The task: Nothing but the lines from the one containing "AGERE L-BEAGLE-D4D4-DB 19" through the end of the data below should appear in the answer, each exact and free of pictures.

Information shown:

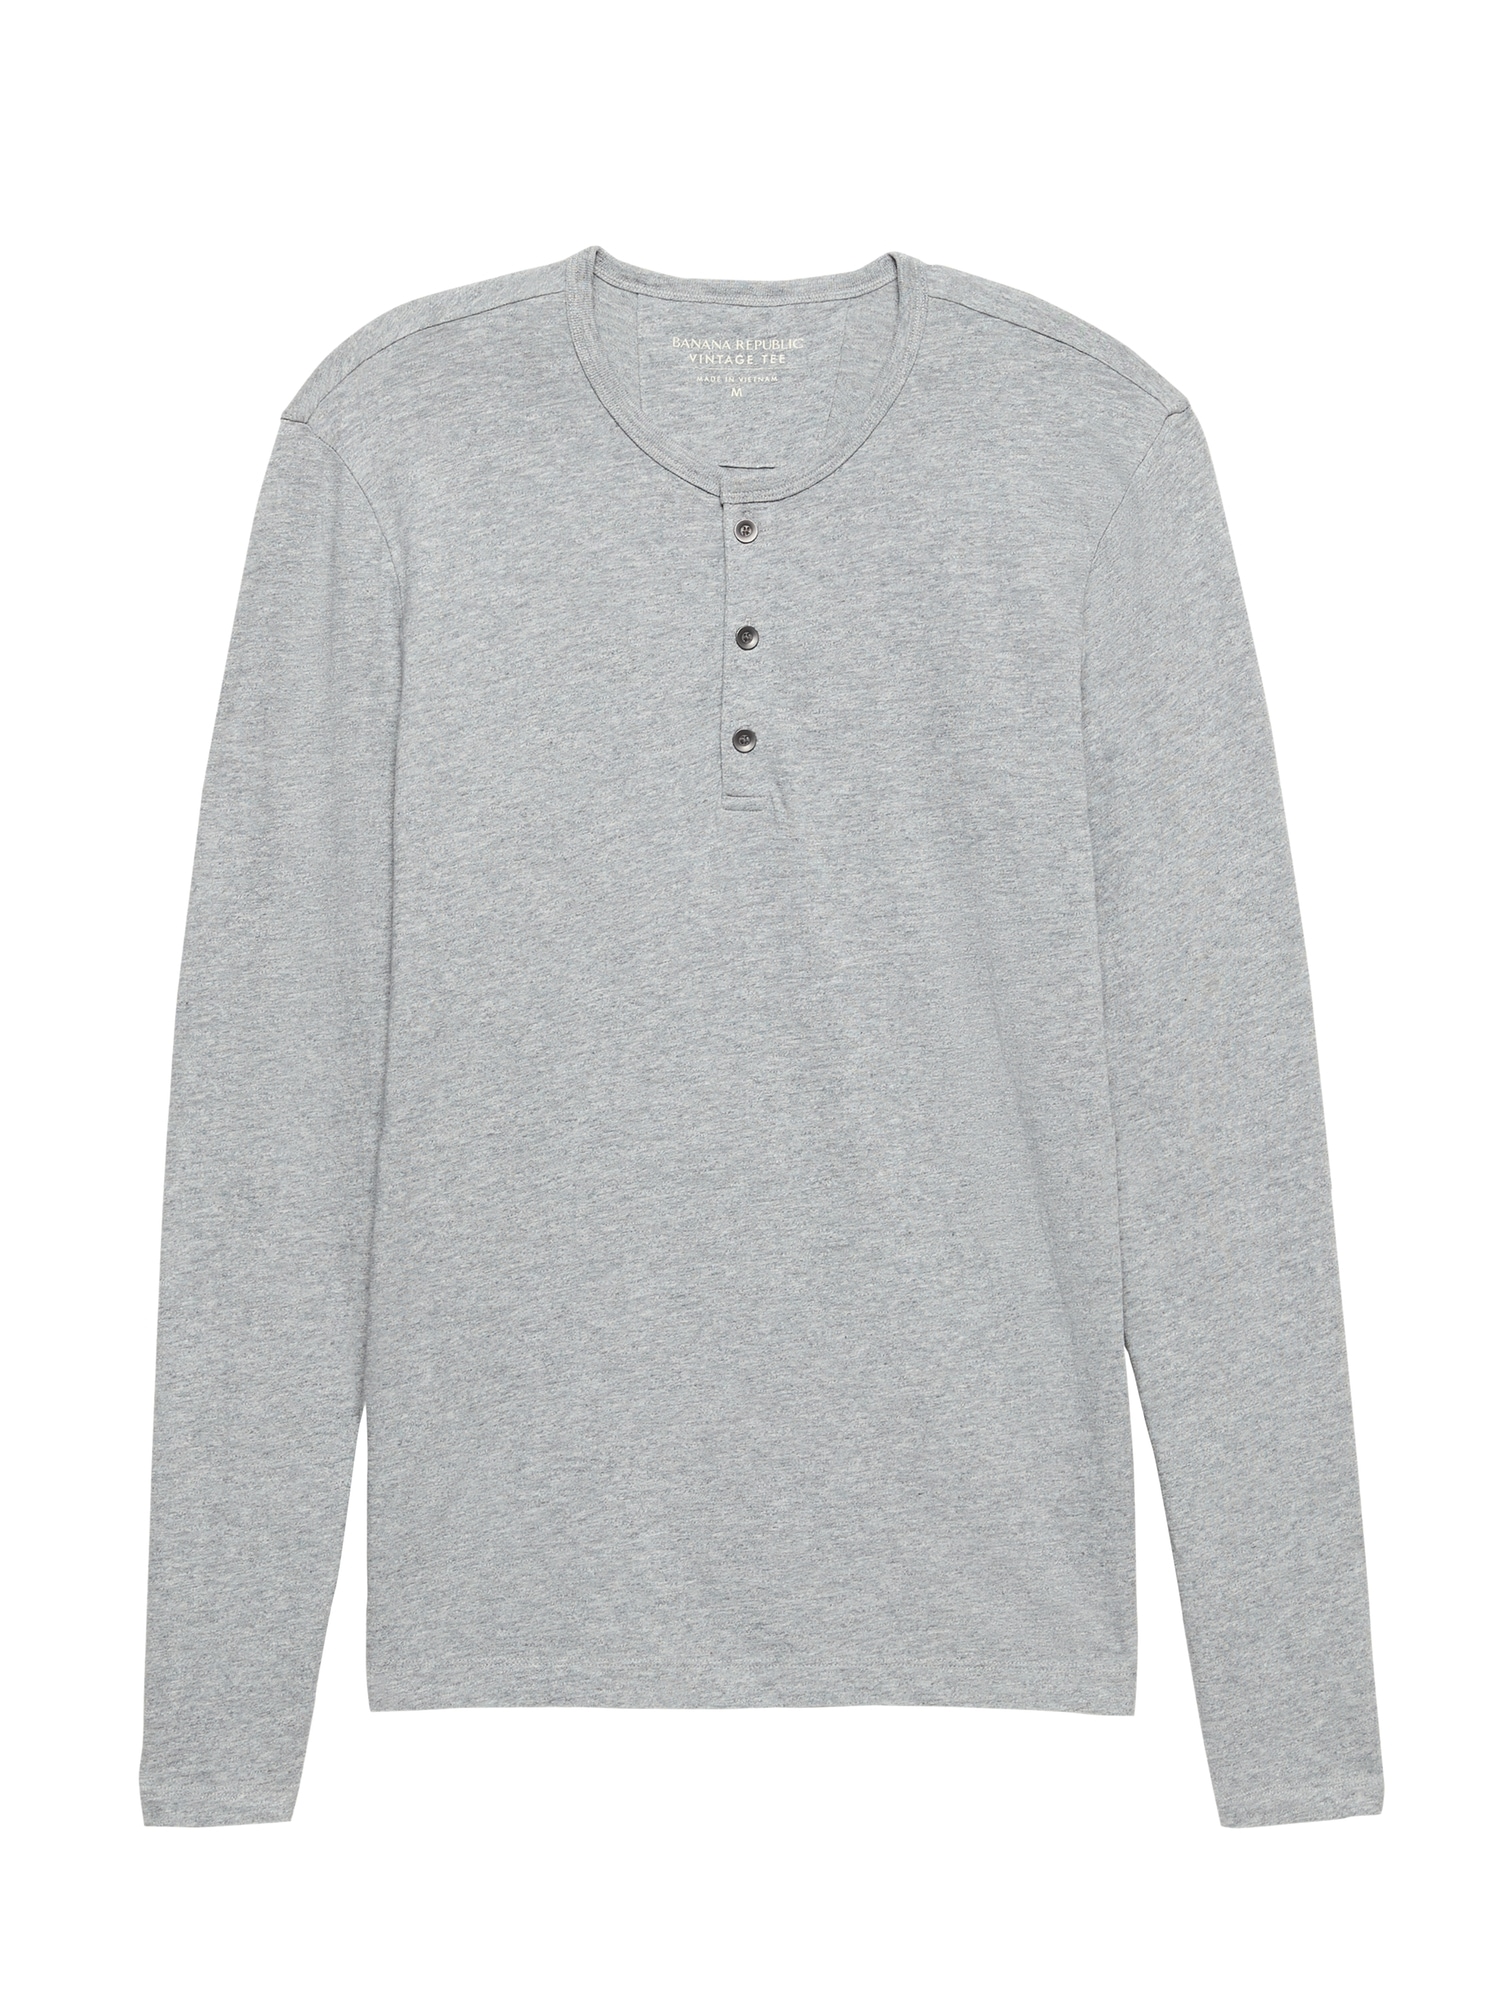 Vintage 100% Cotton Long-Sleeve Henley T-Shirt
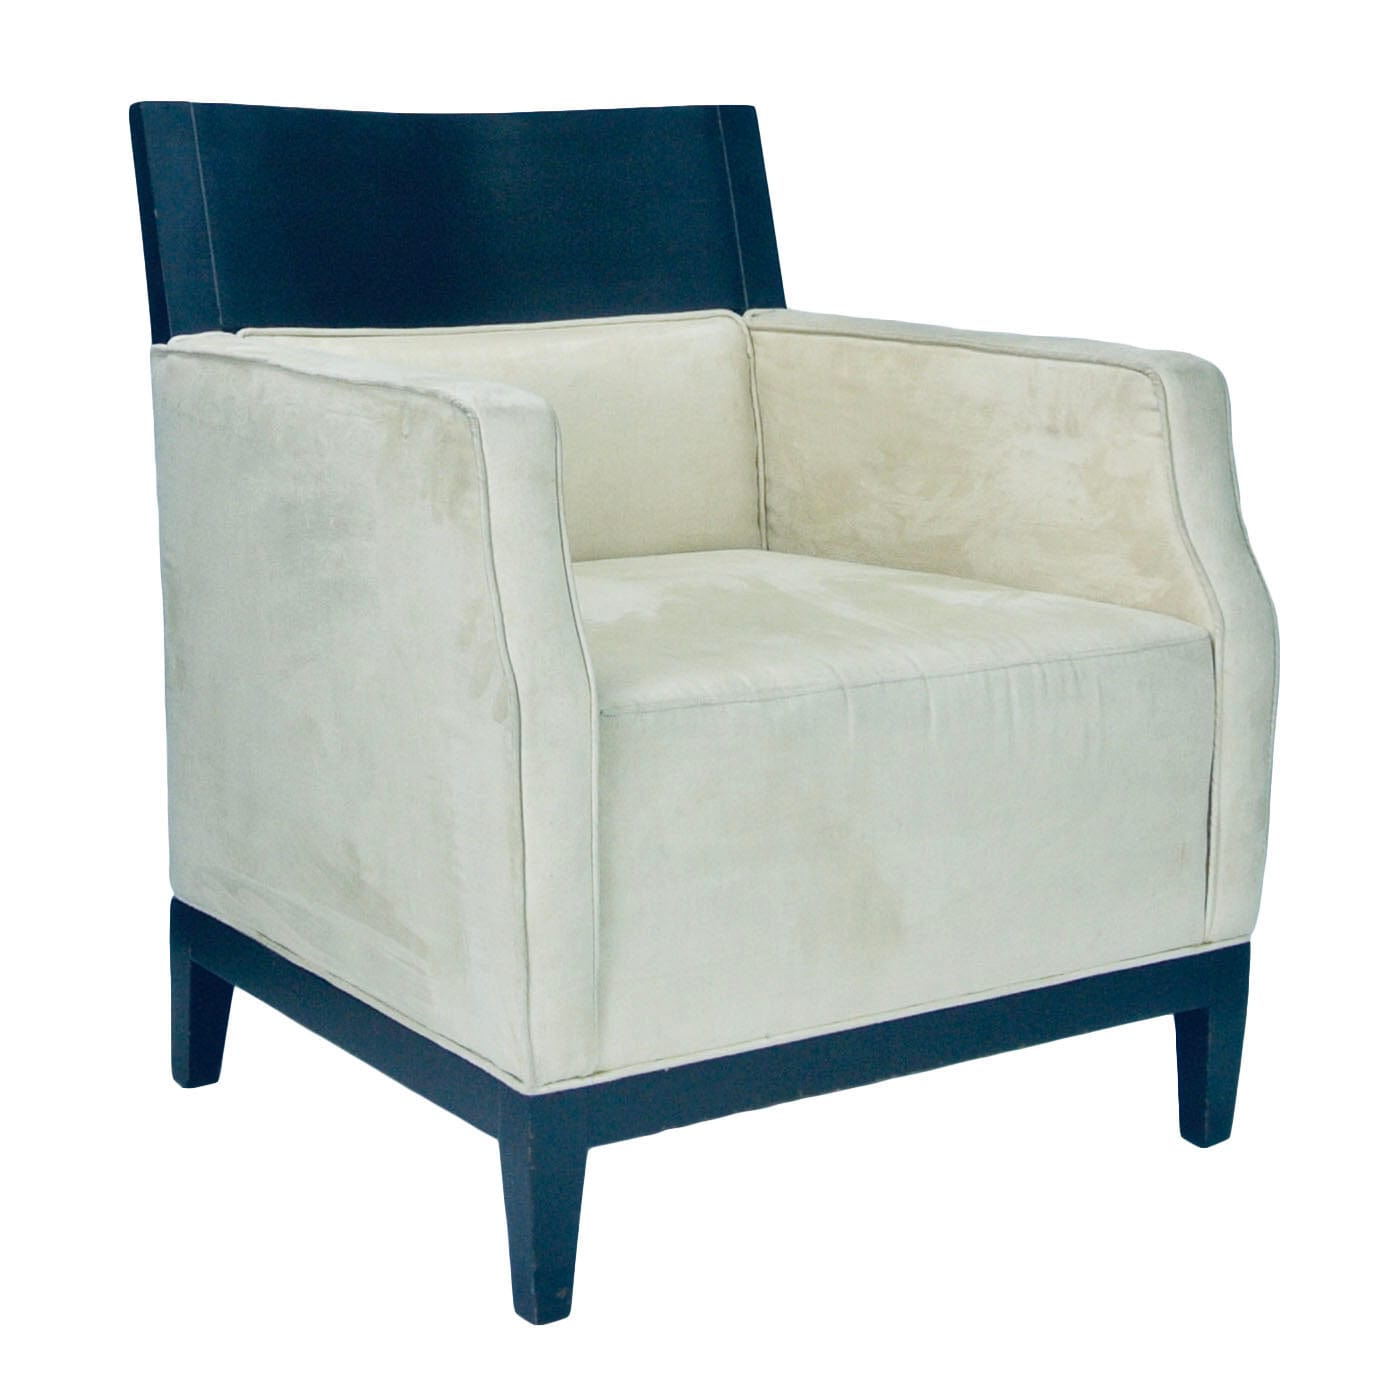 HomeShake Arm Chairs, Recliners & Sleeper Chairs Kingswear Club Chair (Display Model)
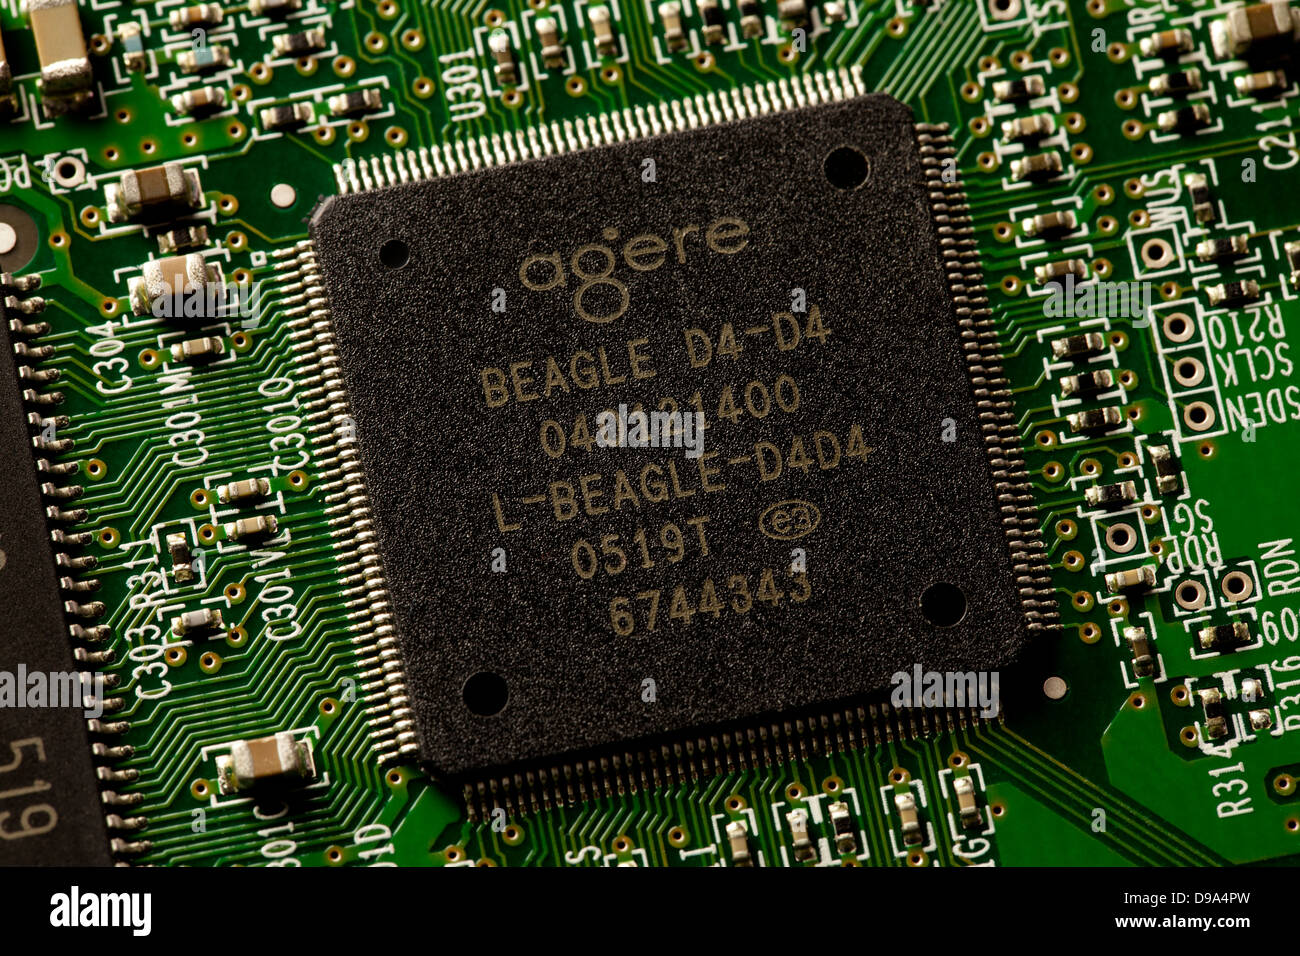 AGERE L-BEAGLE-D4D4-DB 19 bit CPU on circuit board Stock Photo
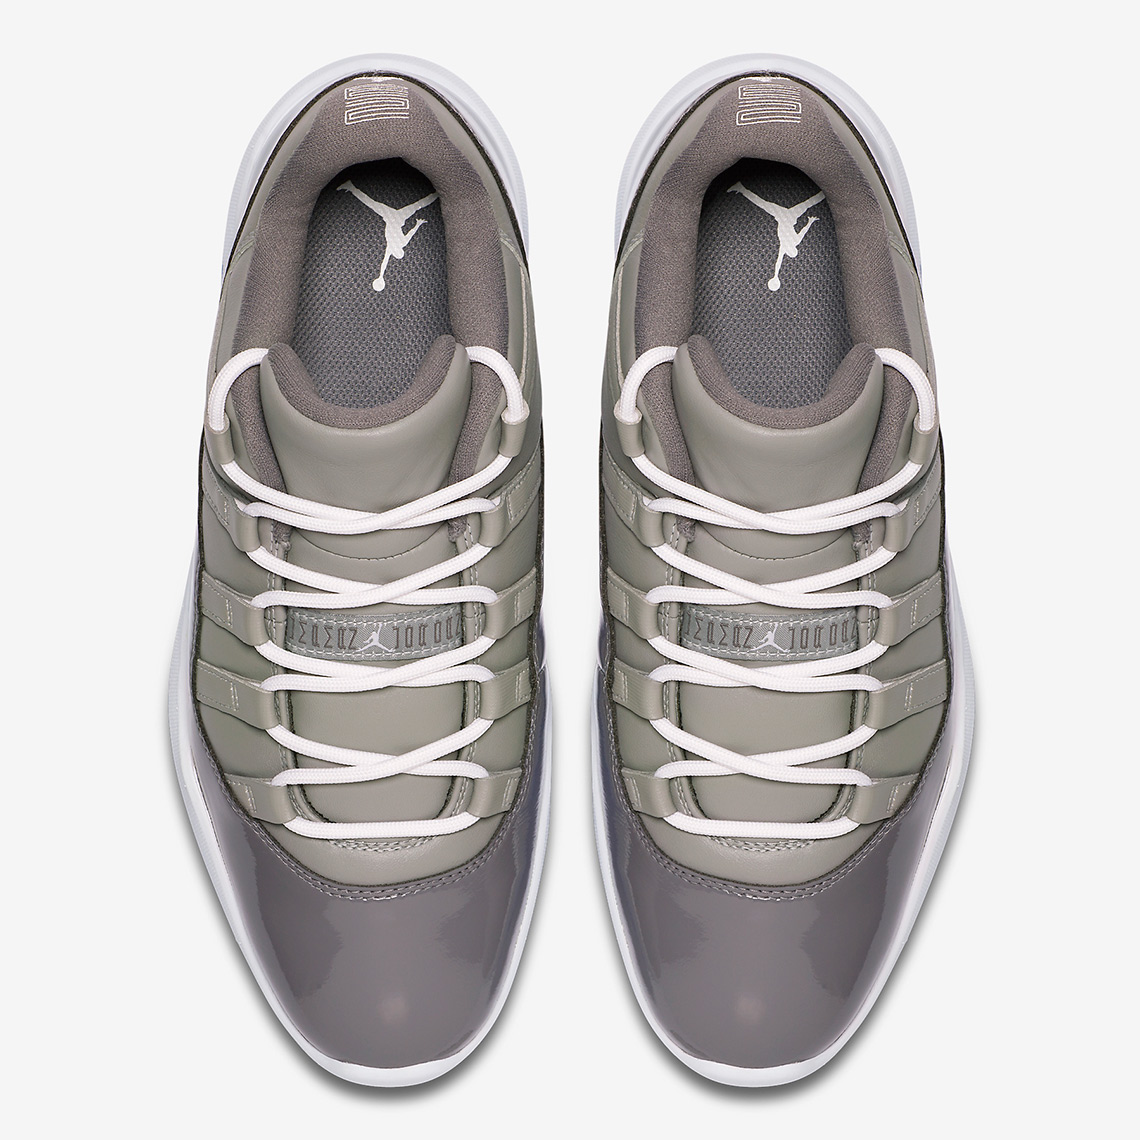 Jordan 11 Low Cool Grey Golf Shoes Aq0963 002 2

Exercise response:
 AGERE L-BEAGLE-D4D4-DB 19 bit CPU on circuit board Stock Photo
 Jordan 11 Low Cool Grey Golf Shoes Aq0963 002 2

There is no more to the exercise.